実践企業の例として、あるプラント会社では「ヒトマネ」と「コトマネ」に分けて役割を明確にし、キャリアデベロップメントマネージャー(CDM:従業員のキャリア形成を支援する専門の担当者)を設置して若手のキャリア支援を行っています。また、姫路のメーカーでは、リーダーにサブリーダーを付ける取り組みを実施。5人以上のチームにサブリーダーを配置することで業務効率が向上し、次世代リーダーの育成にもつながっているとのことです。
ある企業ではマネジメントシェアリングの目的を「社会環境変化(少子化による人材不足・育児介護によるキャリア中断)に対応し、同時に多忙化するマネジャー業務負荷を軽減することで、マネジメント品質向上を図る、継続した組織成長実現を目指す取り組み」と定義しています。
具体的な実現の姿として、以下の3点が挙げられています。
・部門長業務を2名(ツインズ型)のシェアリングで完結させる
・育児・介護によるキャリア中断が生まれない仕組みを事前に準備する
・労働時間(職場に居ること)ではなく、業務成果による業務評価を行う
研究会のまとめとして、マネジメントシェアリングには一律の形はなく、各社各職場の実情に合わせて導入できることが分かったとしています。そして、これをきっかけに「そもそもマネージャーはどういう役割なの?」という根本的な問いを組織内で議論することで、組織変革の第一歩となる可能性があると指摘されています。
元記事はこちら 3位:新任管理職が「指示待ち」になる2つの理由 "行動する管理職"へ導く実践ポイント
宮地尚貴氏によると、「指示待ち管理職」が多い理由には大きく2つあります。1つ目は、責任と役割を理解していないことです。管理職に昇進した際に「何を求められているか」が明文化されていないケースが多く、その結果、人数が増えるほど"なんとなくの管理職"が生まれてしまいます。
2つ目の理由は、プレイヤーとしての実績はあってもマネジメントの知識が乏しいことです。
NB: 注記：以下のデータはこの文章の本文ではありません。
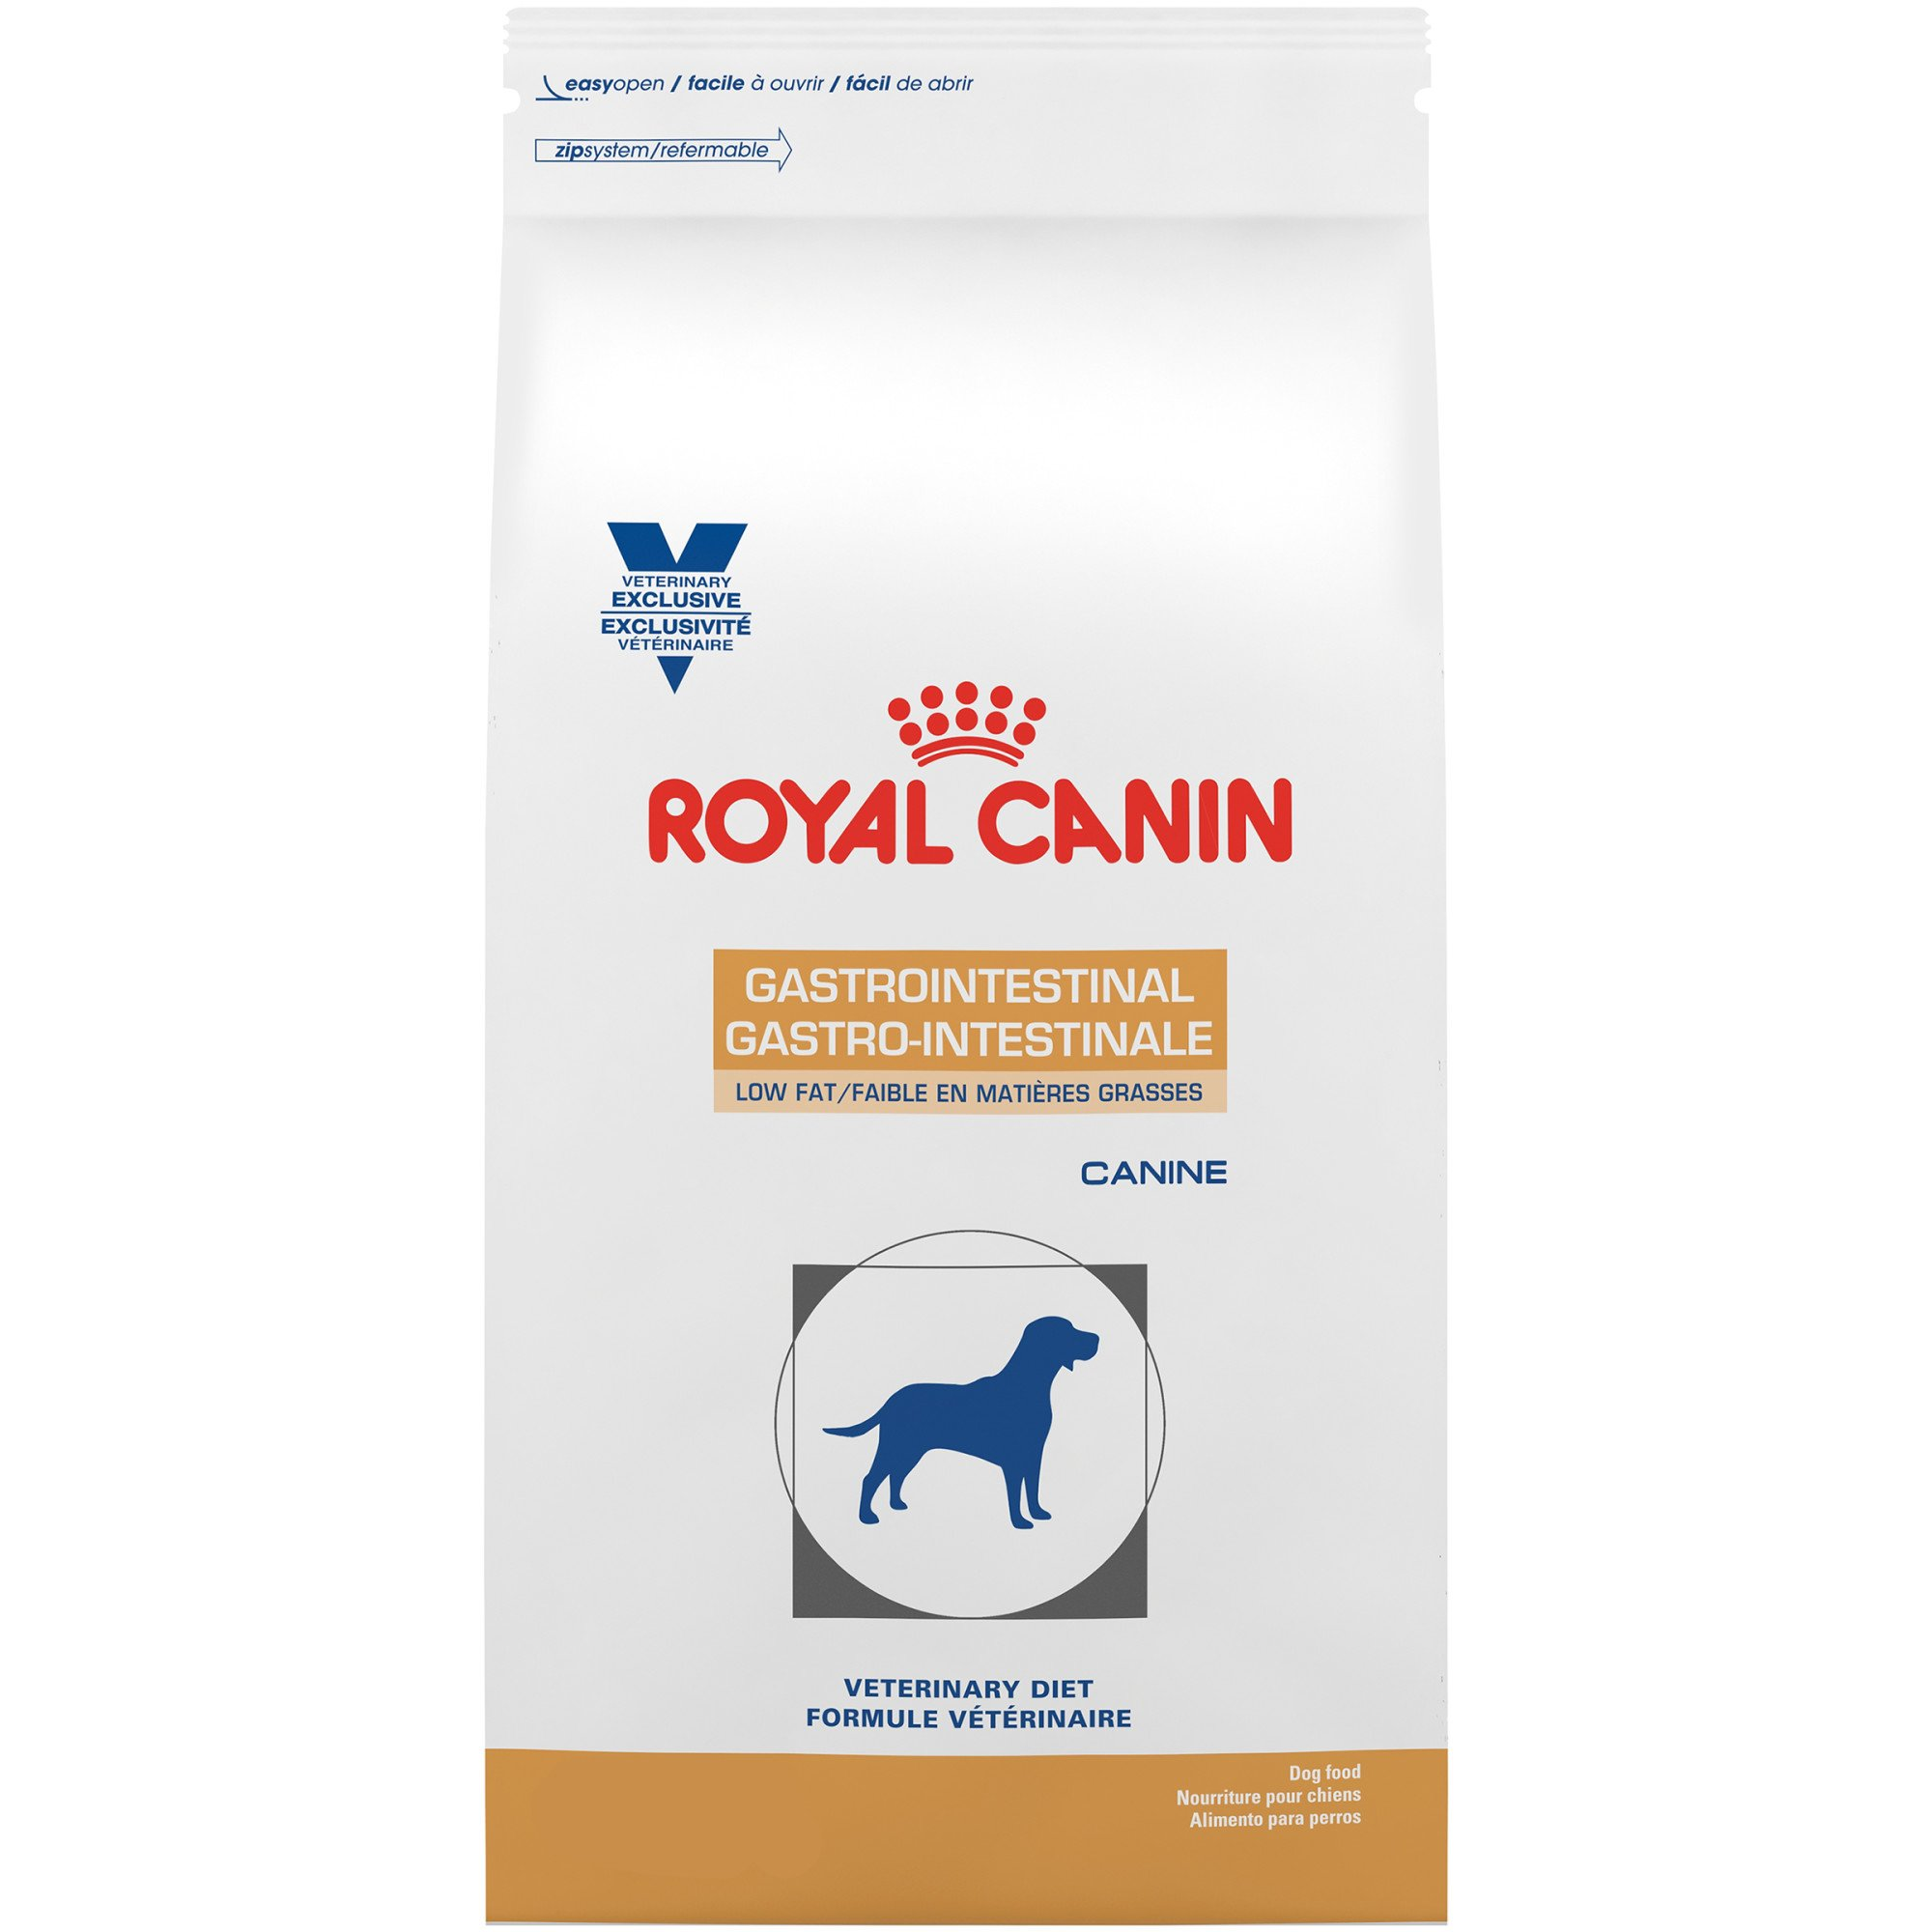 Royal Canin Gastrointestinal Low Fat Dry Dog Food

データで見ても、教育を受けずに管理職になる人は非常に多いのが現状です。「初めての業務をメンターが支援する」という仕組みは新人には必ずありますが、「初めてのマネジメント」に対して同様のOJTを行っている企業はほとんどありません。
「指示待ち管理職」が増えると、トップダウンのみの組織となり市場の変化についていけなくなったり、業務改善や生産性向上ができなくなったりするリスクがあります。また、管理職が長期施策を打ち出さないと若手が育たず、離職率の上昇にもつながります。
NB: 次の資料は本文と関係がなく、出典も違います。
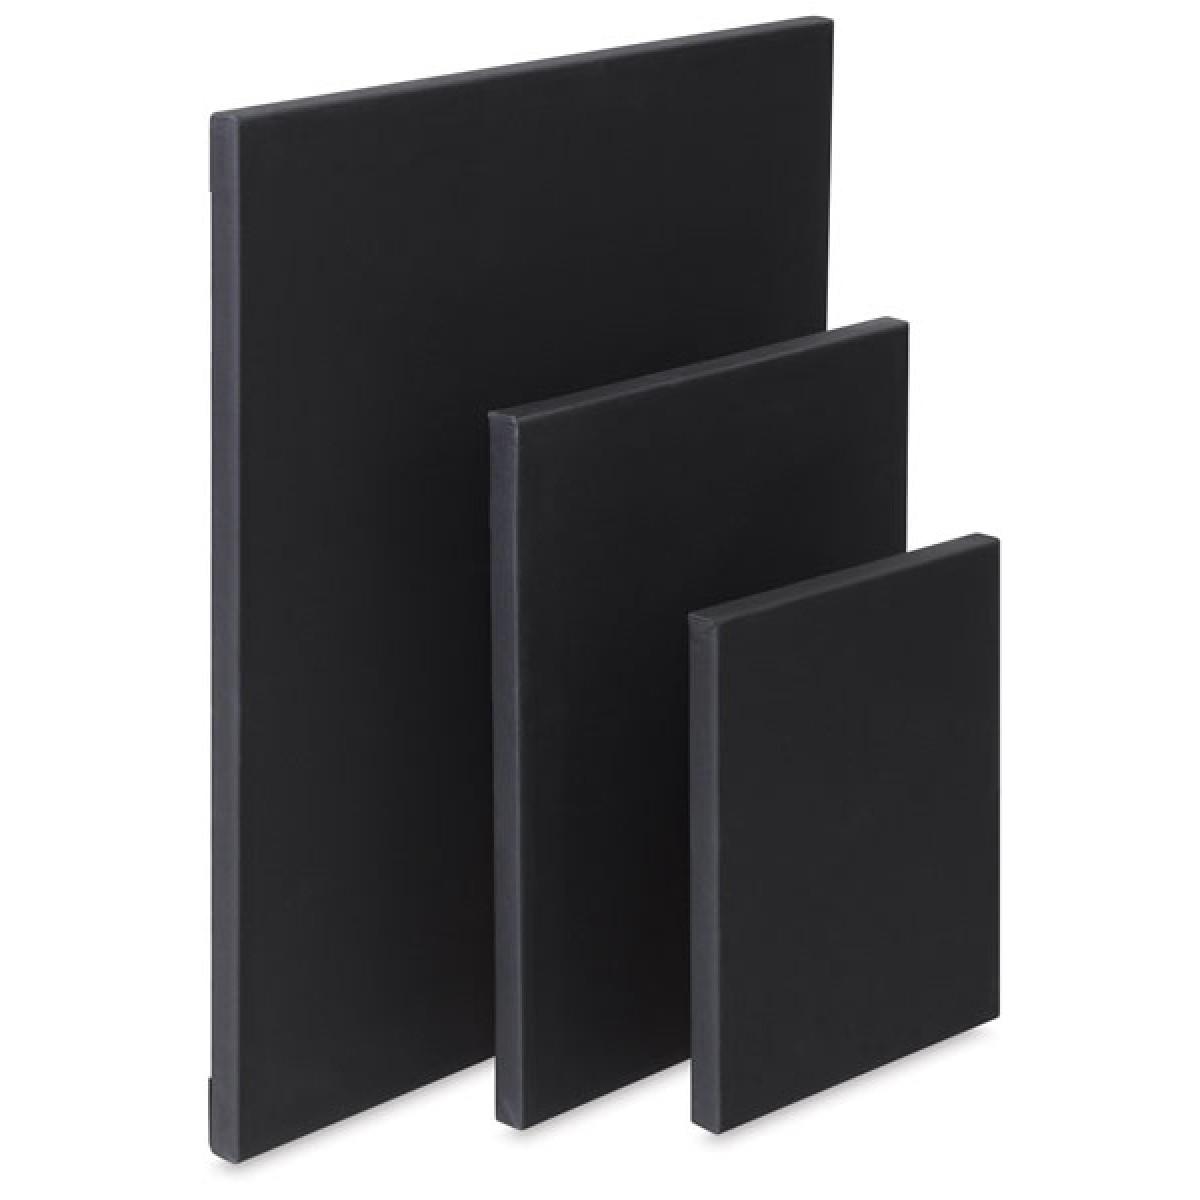 PROFI 2, lærred, 1,7 cm, sort

管理職の行動を変えるためには、まず「あるべき姿の明確化」が重要です。その手段として「職務記述書(ジョブディスクリプション)」が挙げられますが、「運用できていない」ケースが多いのが現状です。
効果的な運用のポイントとして以下が挙げられます。
・中期経営計画の見直しとセットで更新する
・経営層が明確に発信し、説明会などを通じて共有する
・「求められる行動」の具体例を提示する
・役職ごとの権限範囲や決裁基準を明示する
これらの取り組みにより、管理職が自ら考え行動できる組織をつくり、経営層が戦略に集中できる環境が整うと宮地氏は指摘しています。
元記事はこちら 2位:説明が上手い人と下手な人の違いとは? 今日からできる、わかりやすく伝えるためのトレーニング
「結局、何が言いたいの?」と言われた経験はありませんか? 「しごおもTV」の豊間根青地氏によると、説明が上手くできない人の特徴は、説明の焦点を「何を伝えるか」という自分自身の行動に置きすぎている点にあります。説明の本質は、言葉を発すること自体ではなく、聞き手の「状態」を変化させることにあります。
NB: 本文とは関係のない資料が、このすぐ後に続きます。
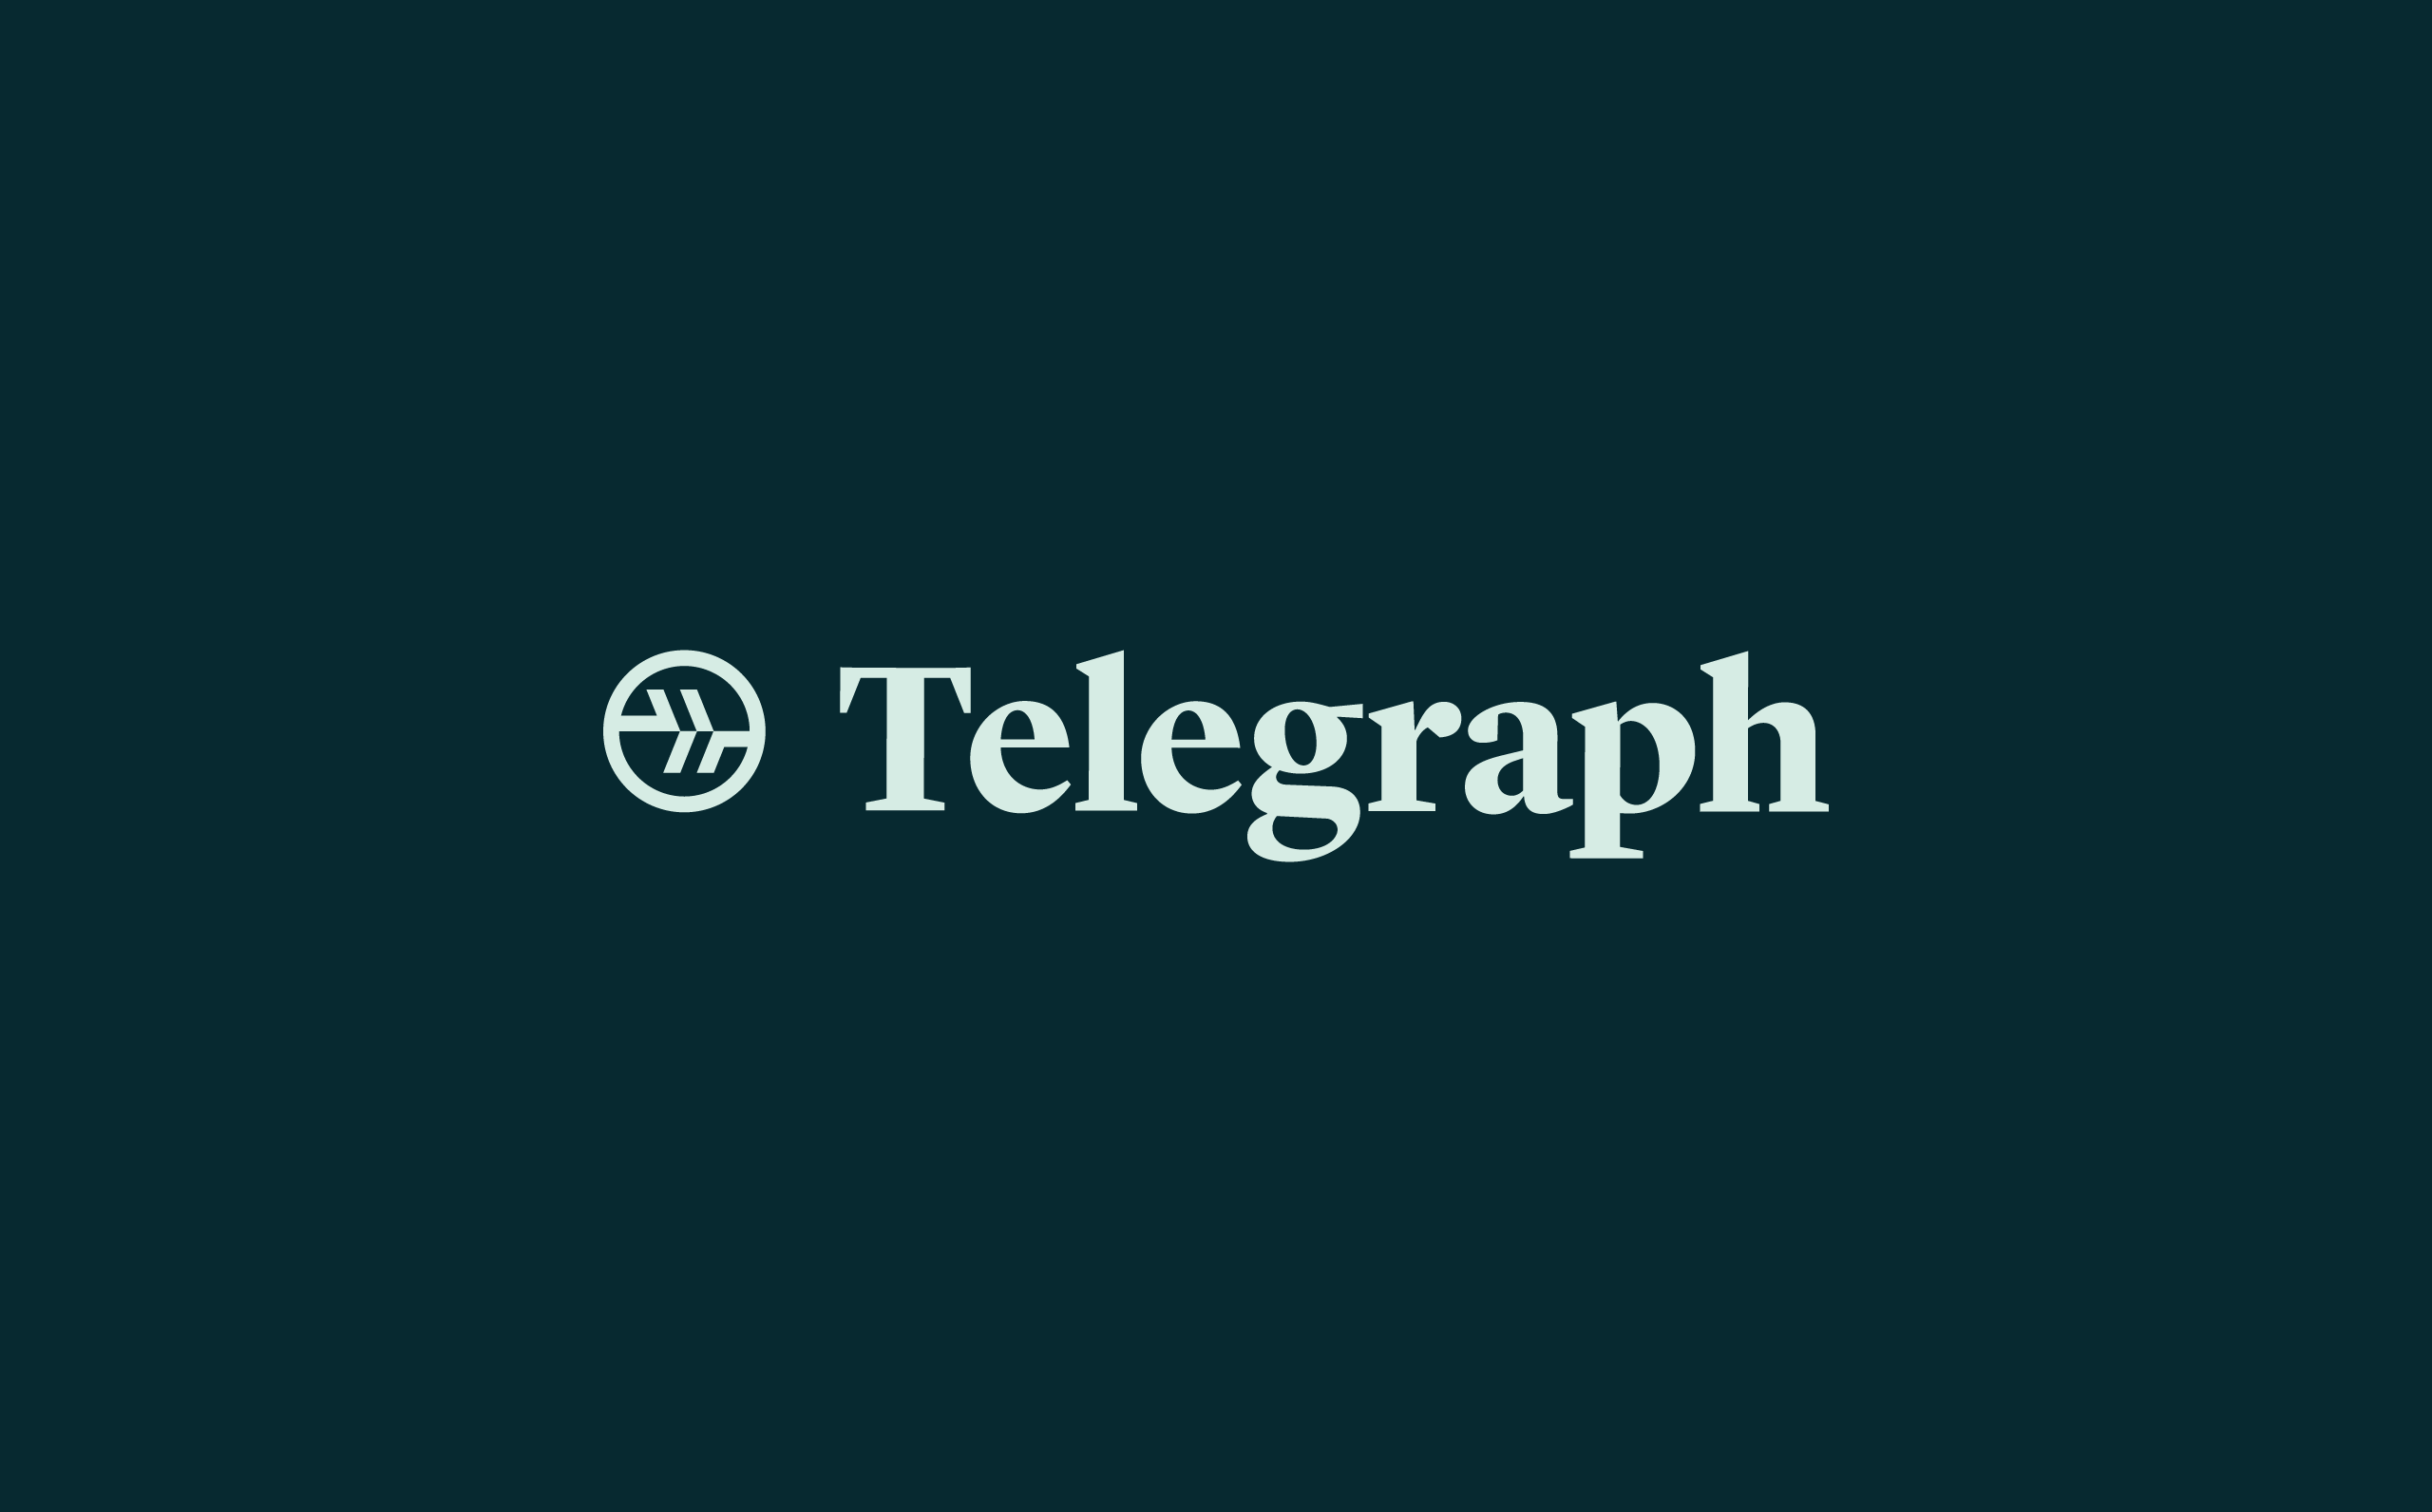 Telegraph_01

説明が上手い人は、説明を「山登り」のように捉えています。聞き手という登山者を、ある現在地から目的の頂上まで連れていく行為として考えるのです。成功する説明には、登山者の現在地と目指すべきゴールの両方を正確に把握することが不可欠です。
思考を整理するフレームワークとして「ピラミッドストラクチャー」が紹介されています。これは、最も伝えたいメインメッセージを頂点に置き、それを支える複数の根拠や情報を階層構造で配置する思考整理術です。根拠は必ず2つ以上に分解されている必要があります。1つしかない場合、それは実質的に頂点のメッセージと同じことを繰り返しているに過ぎず、説得力を持ちません。
また、「QAR」というフレームワークも効果的です。
・Q(Question):これから何の話をするのかという問いを宣言する
・A(Answer):何が言いたいのかを明確にする
・R(Reason):そのスタンスを支える根拠を示す
説明を簡潔にまとめるトレーニングとして「1言・1行・1分」という方法も紹介されています。伝えたい内容を「1言で言うと何か?」「1行のタイトルをつけるとしたら何か?」「1分で説明するとしたら、どのような構成になるか?」という3つのステップで強制的に要約していく訓練です。
ビジネス数学教育家の深沢真太郎氏は「正しそうに伝える」スキルの重要性も指摘しています。ビジネスの世界には絶対的な正解はないため、論理的に筋の通った説明で「正しそうだ」と思わせる説得力が重要だと言います。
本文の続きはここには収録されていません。